Tal povo discriminado aceitou e rejeitou uma série de termos de autoidentificação os
quais a autora buscou avaliar as contradições presentes nas expressões “afro-american” e
“african-american”.

O questionamento promovido é das limitações persentes nesses termos. Ambos


vinculam a ideia da presença de negros somente aos Estados Unidos e não em todo o
continente, isto sem falar da reprodução inconsciente da posição imperialista de que
aquela região se constitui como “A América”. Só haverá a possibilidade de atingir uma
consciência efetiva de si própria para a população negra caso não se fique cativo de uma
linguagem restritiva. A proposta da amefricanidade é a solução oferecida enquanto uma
categoria com implicações políticas e culturais de fato democráticas. Esse termo permite
ultrapassar as limitações de caráter territorial, linguístico e ideológico cuja consequência
é abrir novas perspectivas para um entendimento mais profundo da região americana
como um todo (Sul, Central, Norte e Insular). Ademais, acategoria da amefricanidade,
para além de sua proximidade com o pan-africanismo, incorpora um processo histórico
de intensa dinâmica cultural afrocentrada de adaptação, resistência, reinterpretação e
criação de novas formas, referenciada por diferentes modelos tais quais o Akan na
Jamaica, os iorubá, banto, ewe-fon no Brasil. Por fim, seu valor metodológico traz a
possibilidade de retomar uma unidade específica historicamente engendrada dentro de
sociedades de uma determinada parte do mundo.

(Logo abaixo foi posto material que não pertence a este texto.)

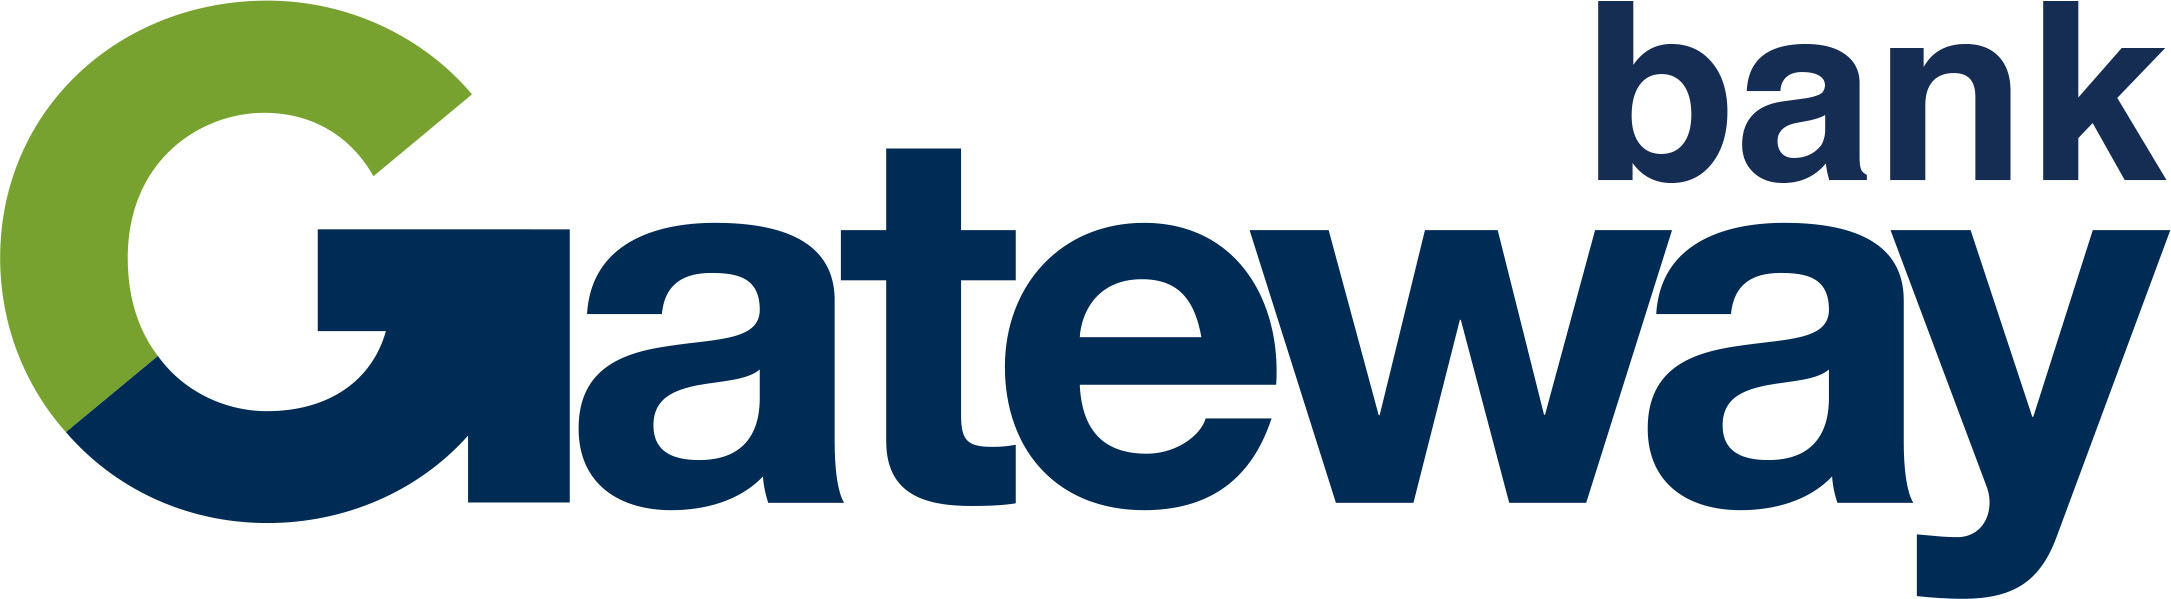 GatewayBank Landscape logo

A Améfrica é uma criação particular de um determinada parte do mundo; um


sistema etnogeográfico de referência feito no continente e inspirado em modelos
africanos. Amefricanas/os é uma designação capaz de englobar uma descendência de
forma mais completa, desde aqueles que foram trazidos pelo tráfico negreiro até aqueles
que chegaram muito antes de Colombo. A elaboração da amefricanidade envolve pessoas
oriundas de diferentes países atravessadas em comum pela experiência histórica da
diáspora e que, apesar de pertencerem a diferentes sociedades no continente, entendem o
racismo como o mesmo sistema de dominação em todas elas. E diante da hierarquia racial
e cultural estabelecida por esse sistema busca se opor à “superioridade” branca
ocidental/”inferioridade” negro-africana e à exploração socioeconômica dos amefricanos
por todo o continente ao reconhecer a violência que o racismo e suas práticas tiveram em
nos despojar do nosso legado histórico e de nossa contribuição para o avanço da
humanidade nos níveis cientifico, filosófico, artístico e religioso.

Autora pontua, finalmente, que enquanto descendentes a herança africana foi uma
fonte de força para a resistência e criatividade na luta contra a escravização, o extermínio,
a exploração, a opressão e a humilhação por parte do amefricanos, fazendo com que
tenhamos contribuições específicas a oferecer ao pan-africanismo. Assumir a nossa
amefricanidade é também uma forma de ultrapassar uma visão idealizada da África e
voltar a nossa capacidade de observação para a realidade em que vivem todos os
amefricanos do continente. Identificar-se e autodesignar-se a partir da categoria da
amerfricanidade é “politicamente mais democrático, culturalmente mais realista e
logicamente mais coerente” (Gonzalez, 2020, p.127). Uma linguagem revolucionária que
evita confusões e hierarquias e uma ideologia de libertação que encontra sua experiência
não de forma externa e sim como derivada de uma trajetória histórica e cultural própria.
Abandona as reproduções do imperialismo e reafirma a particularidade da experiencia
vivida na América como um todo sem perder a consciência dos laços profundos que se
tem com a África. Reconhecer a amefricanidade é, nesse sentido, perceber um trabalho
de dinâmica cultural cujo destino não nos leva para o outro lado do atlântico, mas que nos
trás desse local e nos transforma no que somos hoje.